Fentanyl Border Seizures Continue to Break Records in 2022

Fentanyl seizures at the US border with Mexico continued to increase in 2022, with multiple seizures setting various records throughout the year.

“Ten years ago we didn’t even know about fentanyl, and now it’s a national crisis,” U.S. Attorney Randy Grossman said in a news release in August. “The amount of fentanyl we seize at the border is staggering.”

Grossman’s comments came as the Department of Justice revealed that ports of entry in San Diego and Imperial counties in Southern California were at the center of an increase in fentanyl seizures at the border, accounting for around 60% of seizures of the deadly drug in 2022.

However, this increase has been seen in ports across the border, with law enforcement on the Mexican and U.S. side experiencing record meltdowns in 2022. Here are some of the border fentanyl meltdowns that made headlines in 2022.

Rio Grande Valley Sector Border Patrol Chief Patrol Agent Gloria I. Chavez announced earlier this month that Sector Border Patrol agents made the “largest” fentanyl bust. liquid in the history of the United States.

“Fentanyl Bust!!! Extremely proud of our USBP & @NuecesCoSo agents [Nueces County Sheriff’s Office] authorities who worked together, interdicted and seized the largest amount of liquid #fentanyl in US history during a traffic stop in Robstown, TX,” Chavez tweeted.

Police found coconuts that had thousands of fentanyl pills hidden inside.
RGF/News Flash

Chavez detailed the bust in later posts, saying officers found 25 pounds, or three gallons, of liquid fentanyl hidden in a compartment inside a gas tank and that the market value of the seizure was of $1.8 million.

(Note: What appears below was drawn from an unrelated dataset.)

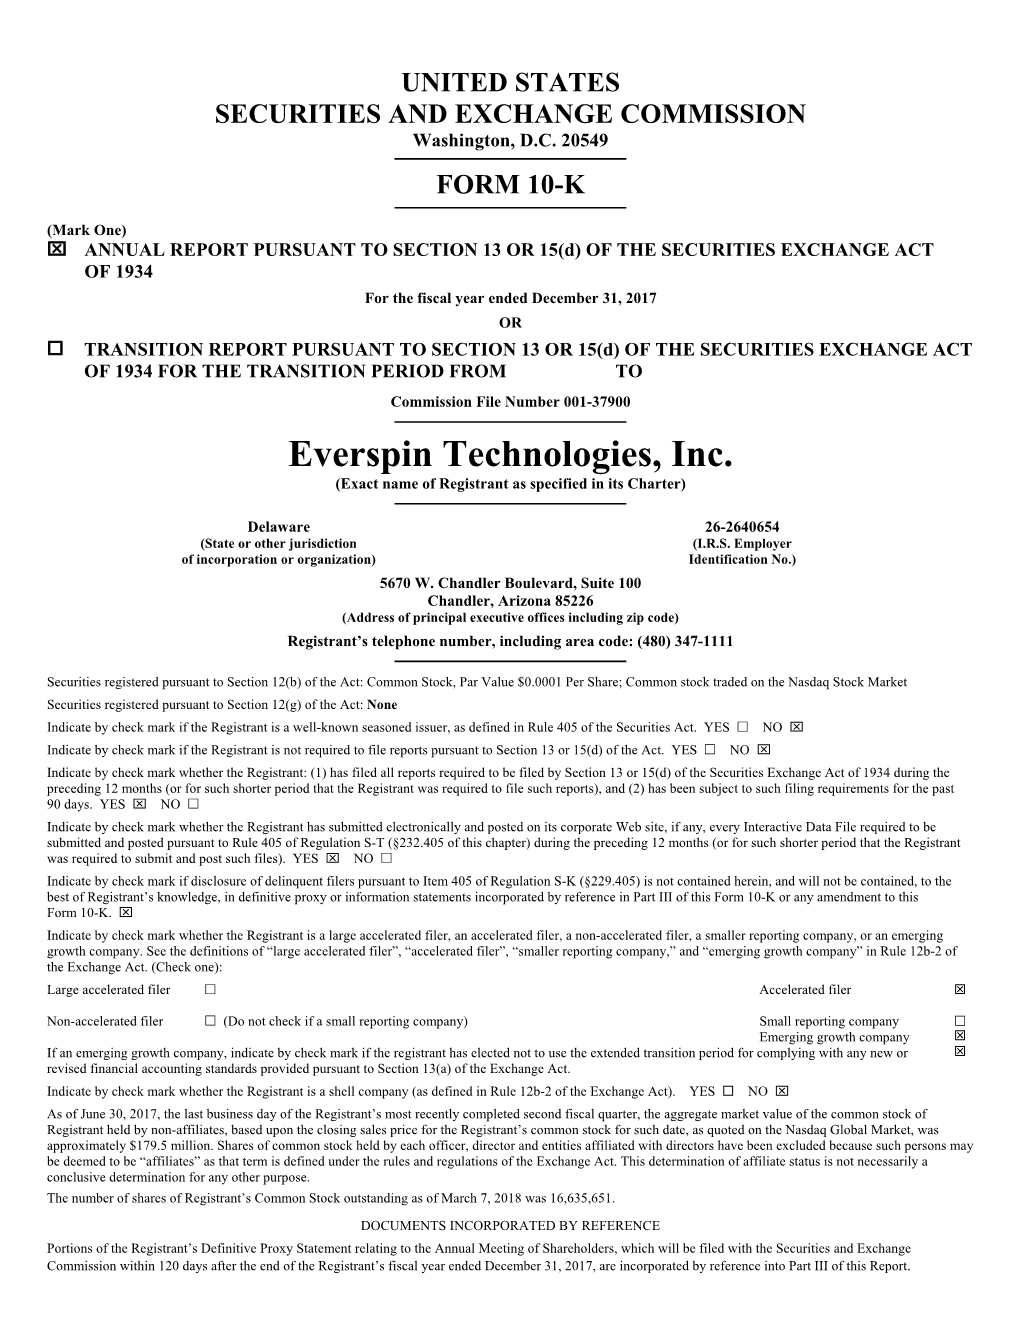 Everspin Technologies, Inc. (Exact Name of Registrant As Specified in Its Charter)

“This lethal amount is enough to kill a population of 5.665 million people, or 2.5 times the size of Houston, Texas,” Chavez added.

Border agents at the Nogales Port of Entry in Arizona seized 1.5 million fentanyl tablets in a single week, according to an announcement by Port Director Michael Humphries earlier this month.

“The pills were blue, multicolored and rainbow,” Humphries said on Twitter.

Humphries said the smugglers tried various ways to hide the pills while crossing the border, including hiding them in gas tanks, floors, doors and vehicle panels.

The same Arizona port that saw more than a million pills in a week picked up the pace on an October weekend, grabbing around 500,000 fentanyl pills in two days.

Containers containing thousands of fentanyl tablets.
In 2022, authorities seized enough fentanyl to kill the entire American population.

Humphries announced on Twitter that port officials stopped three loads of fentanyl on October 22, including a load with 114,800 pills in a dashboard and 297,000 pills hidden in a single car.

Officers were back the next day when they stopped two shipments of fentanyl pills from people smugglers trying to cross the border, including 134,200 pills found in the underbody of a car.

Immigration and Customs Enforcement announced in October that Carlos Martin Quintana-Arias, a Mexican national, had been sentenced to 108 months in prison after officers made a record seizure of fentanyl and methamphetamine at the port of entrance to Otay Mesa in California.

“This was a brazen attempt to smuggle a record amount of deadly narcotics into our country, and as this conviction reflects, those seeking to make a quick profit from smuggling narcotics will be subject to ‘vigorous investigations and prosecutions,’ Chad Plantz, Special Agent in Charge, HSI San Diego, said in an ICE news release announcing the sentencing. “HSI, along with our federal and local partners, is firmly committed to dismantling criminal organizations that blatantly ignore the laws of this nation.”

According to the press release, Quintana-Arias used a commercial trailer to attempt to smuggle 17,584 pounds of methamphetamine and 388.93 pounds of fentanyl across the border, the “largest country in each drug category for women.” calendar years 2021 and 2022 to date”.

“This massive seizure prevented an enormous amount of deadly drugs from saturating our community,” U.S. Attorney Randy Grossman said in the statement. “Thanks to the vigilance of the border agents, this fentanyl did not kill anyone, and this methamphetamine did not destroy a single life.”

Mexican police, conducting a traffic stop in the northern border state of Sonora, found 660 pounds of fentanyl stuffed into coconuts they said were destined for the US border.

Officers stopped the truck traveling on a highway that runs along the Gulf of California. This road eventually leads to the Mexican town of Sonoyta, a border town near Lukeville, Arizona.

Two people have been arrested in connection with the bust.